Supplied records
++++++++
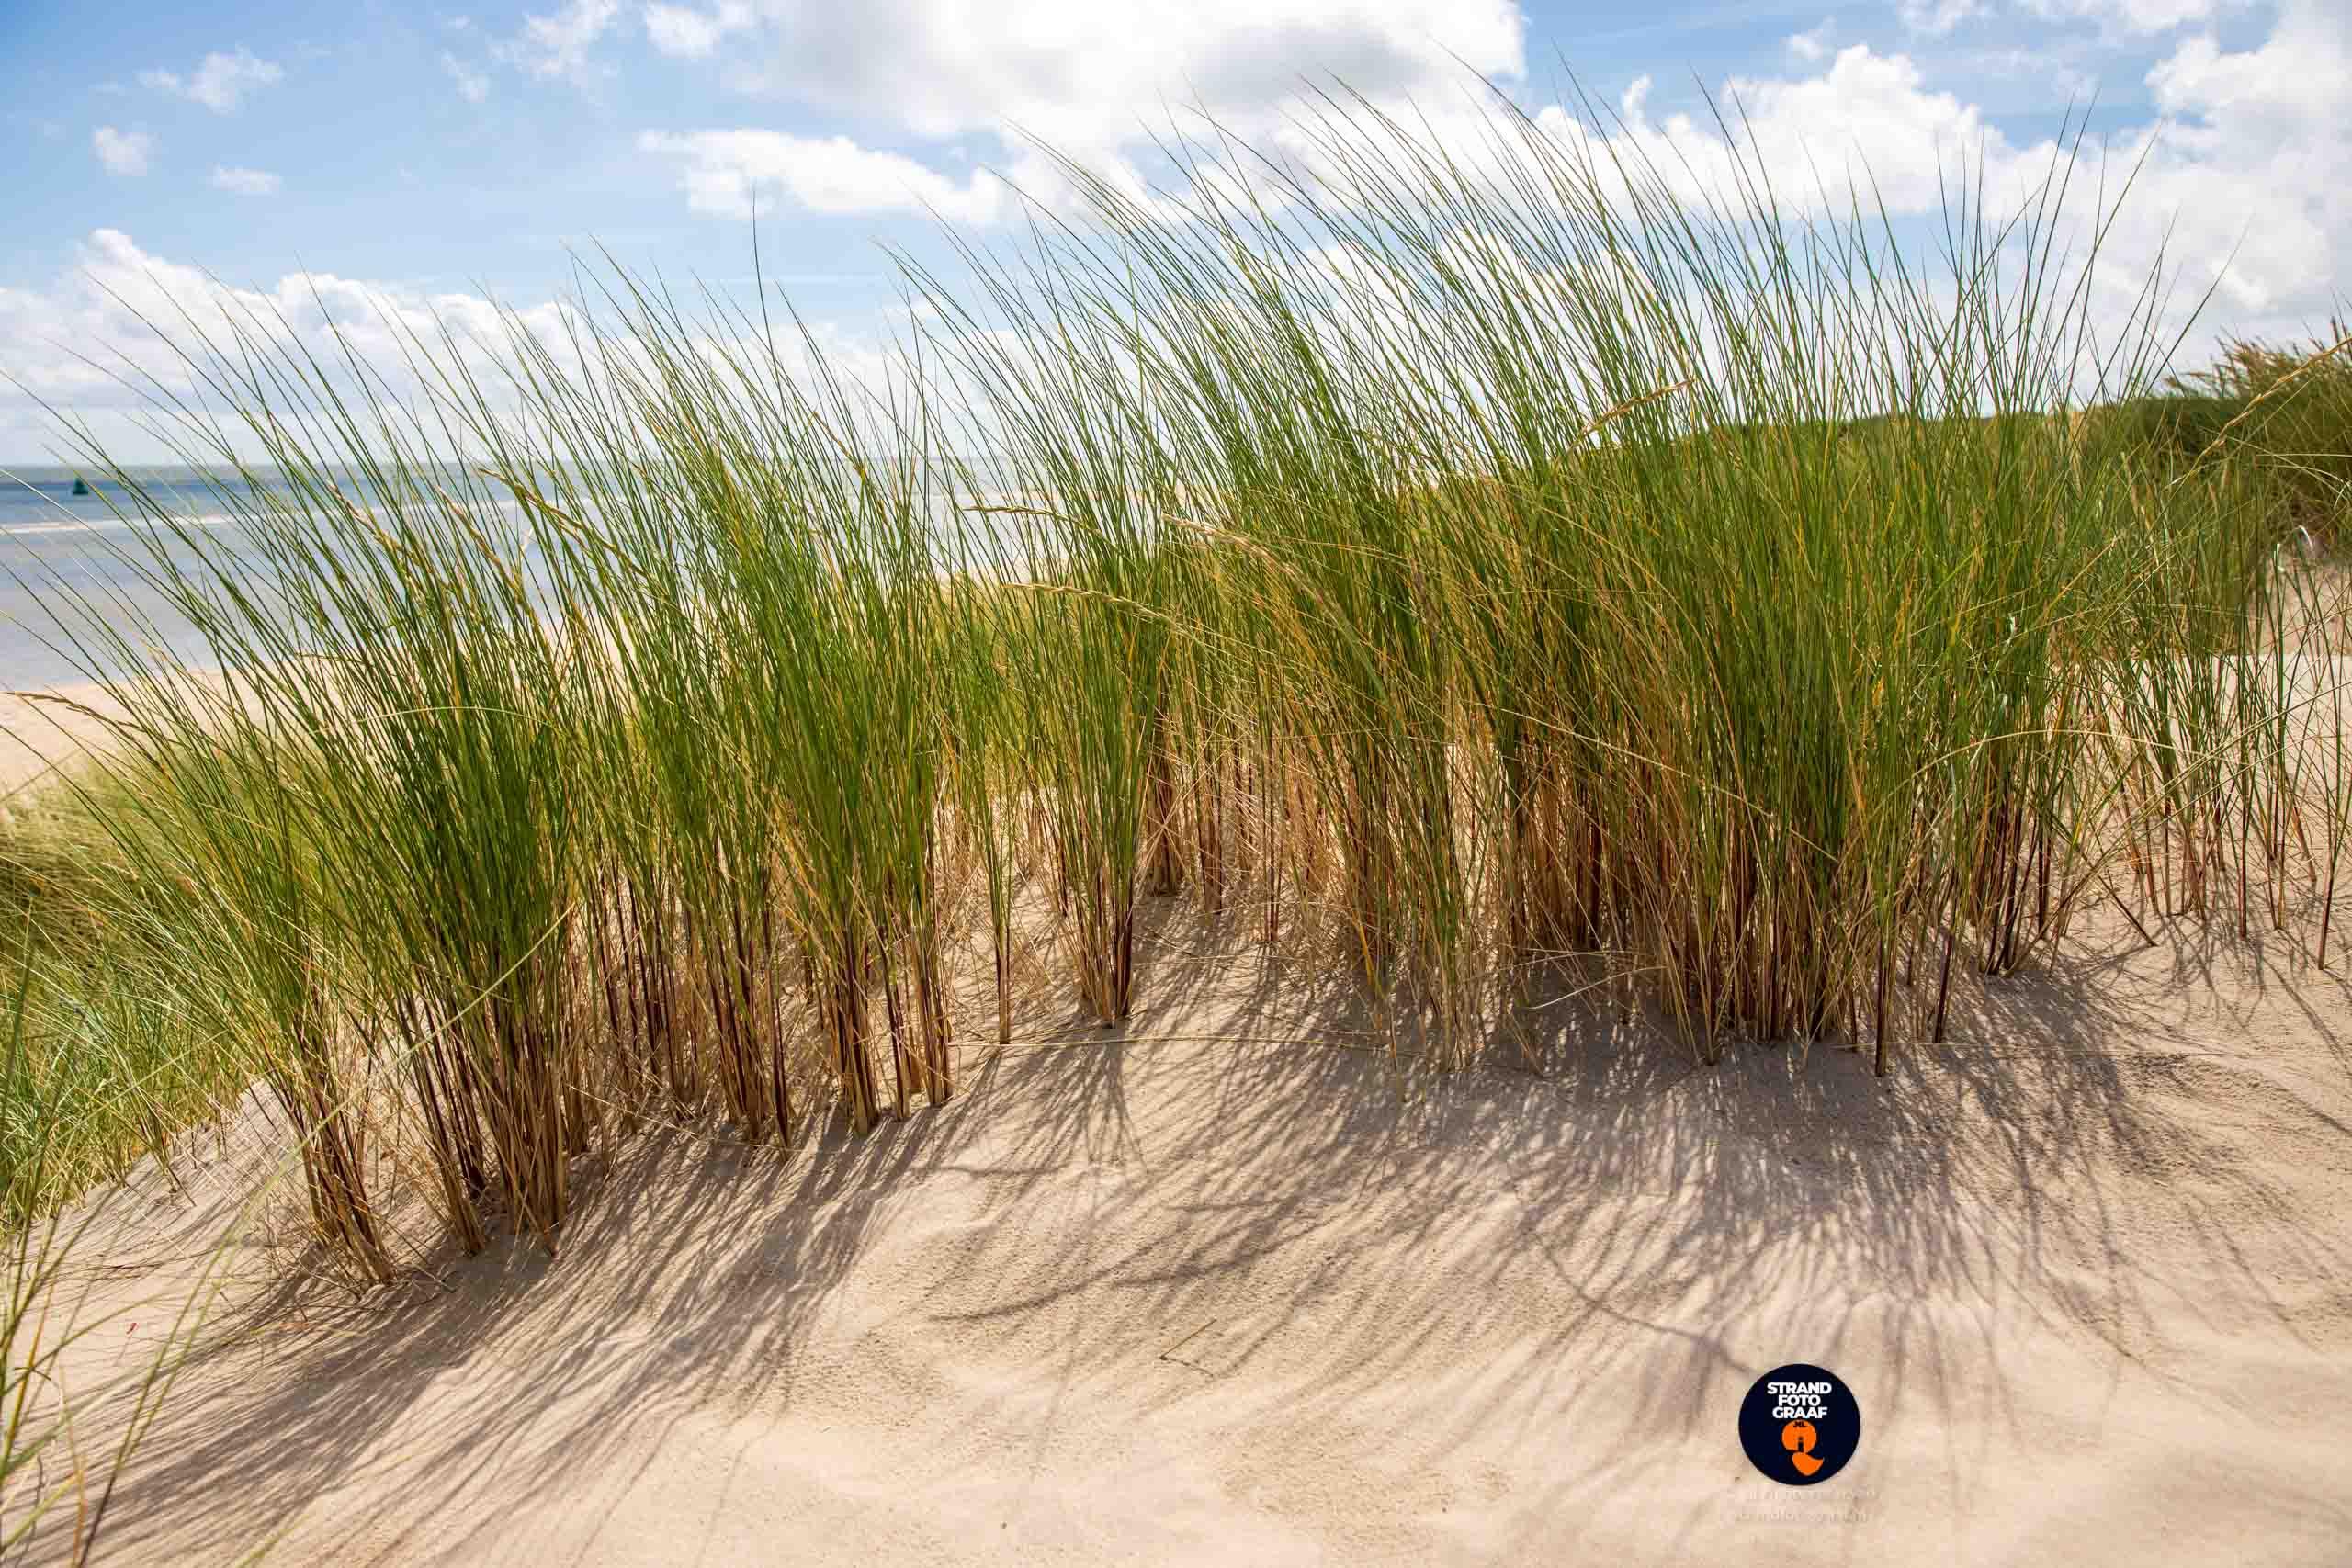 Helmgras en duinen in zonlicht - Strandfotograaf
++++++++
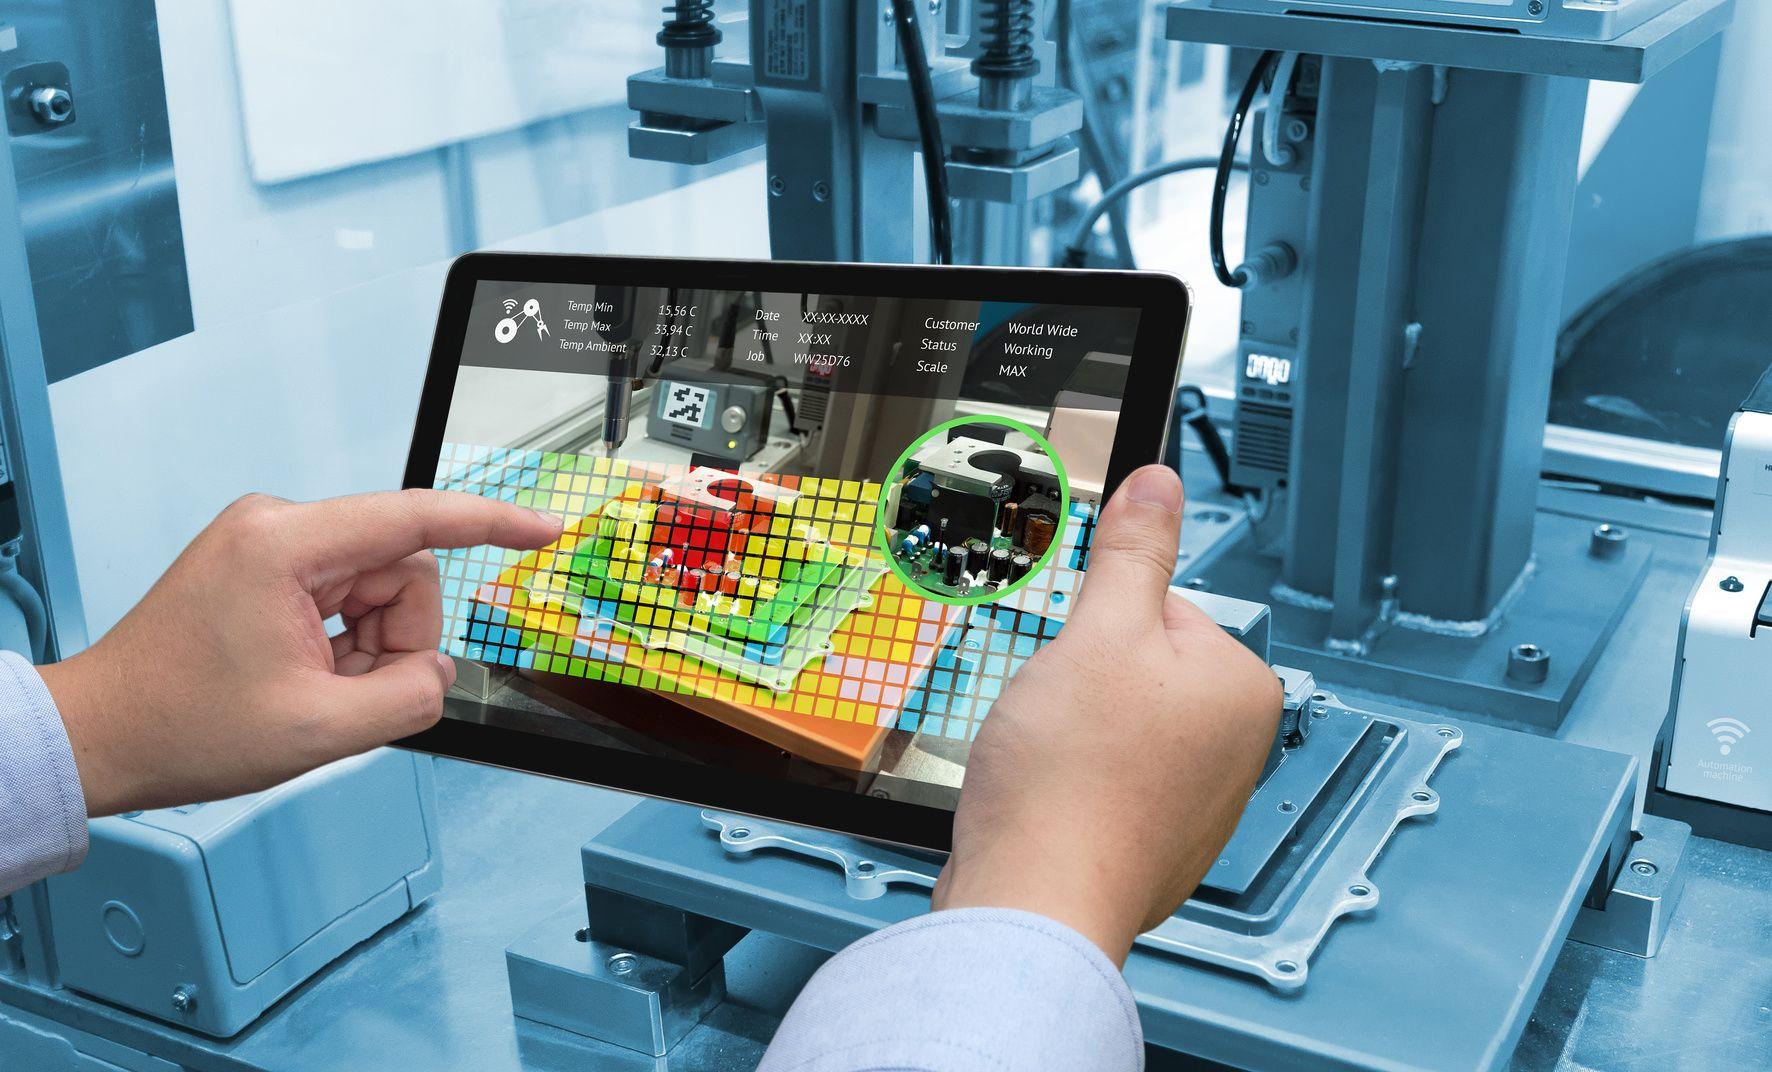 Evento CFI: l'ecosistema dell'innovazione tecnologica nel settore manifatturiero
++++++++
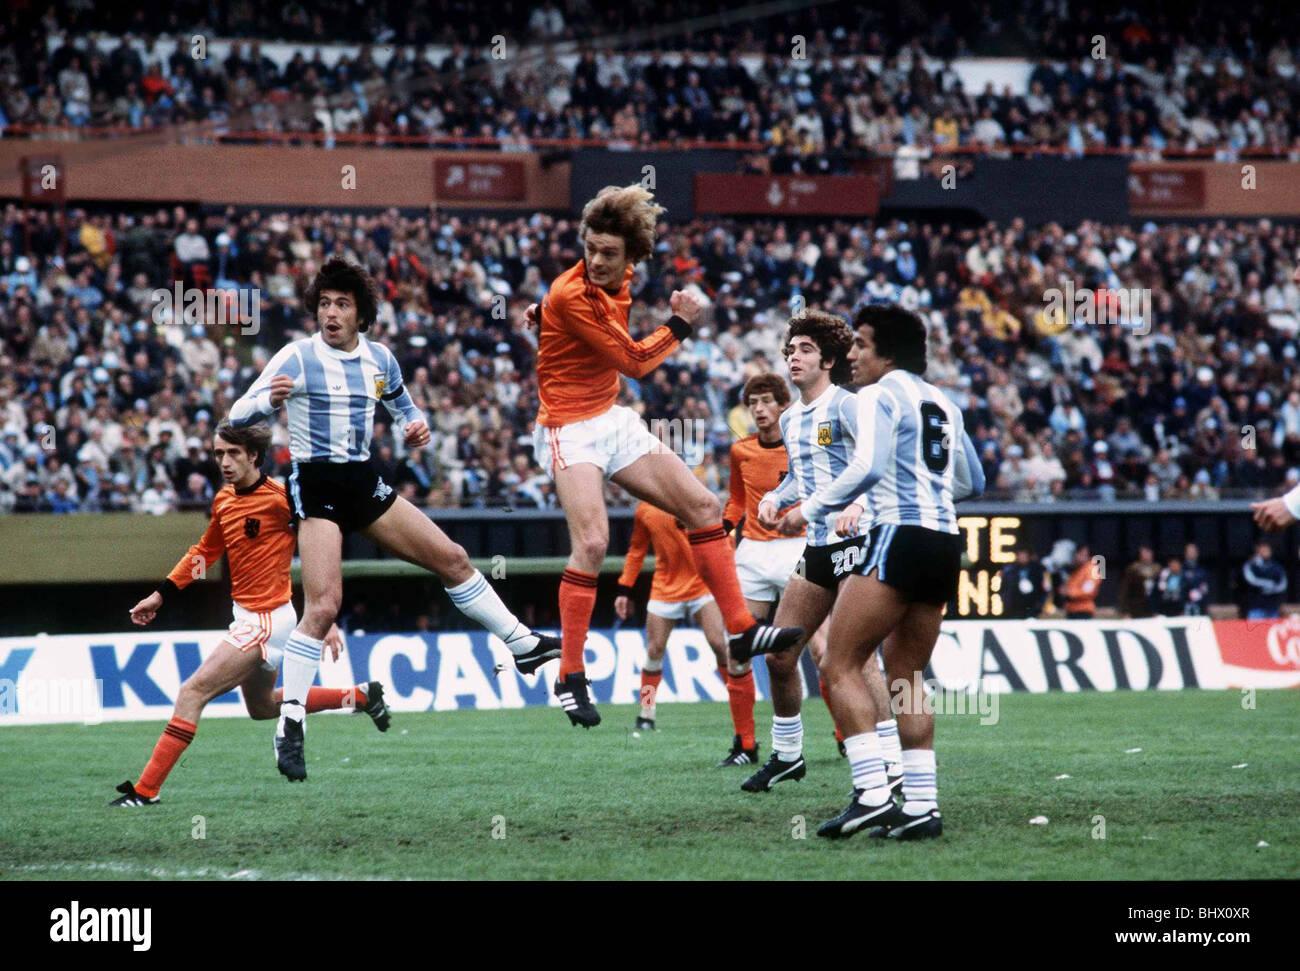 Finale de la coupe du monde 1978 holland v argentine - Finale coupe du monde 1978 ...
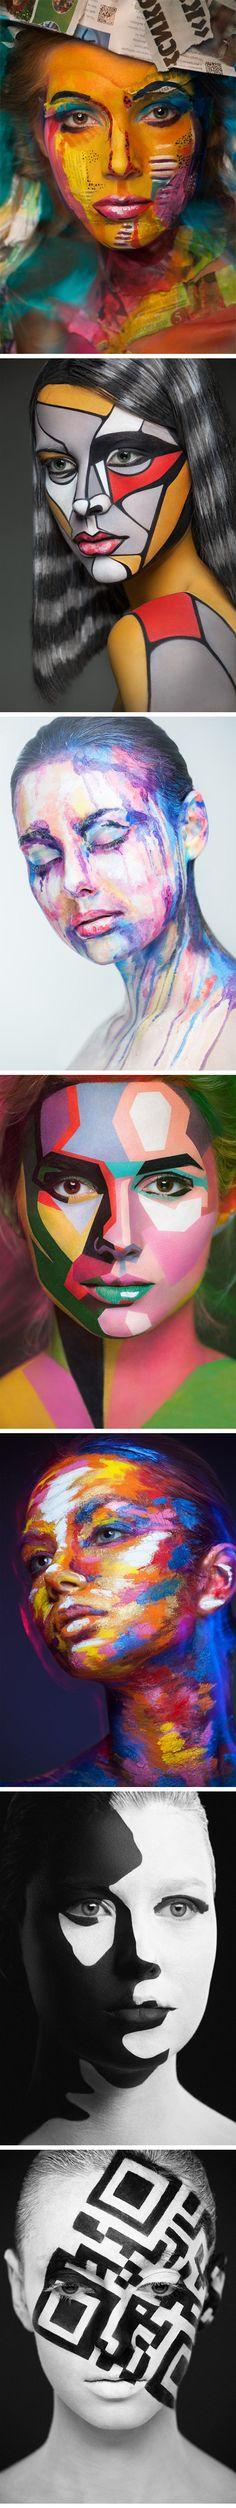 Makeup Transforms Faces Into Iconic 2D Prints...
++++++++
Nothing but the lines above, starting at the line that contains "Finale de la" and ending at the line that contains "Makeup Transforms Faces", should be given again, exactly and without the pictures.

Output below
 Finale de la coupe du monde 1978 holland v argentine - Finale coupe du monde 1978 ...
 Makeup Transforms Faces Into Iconic 2D Prints...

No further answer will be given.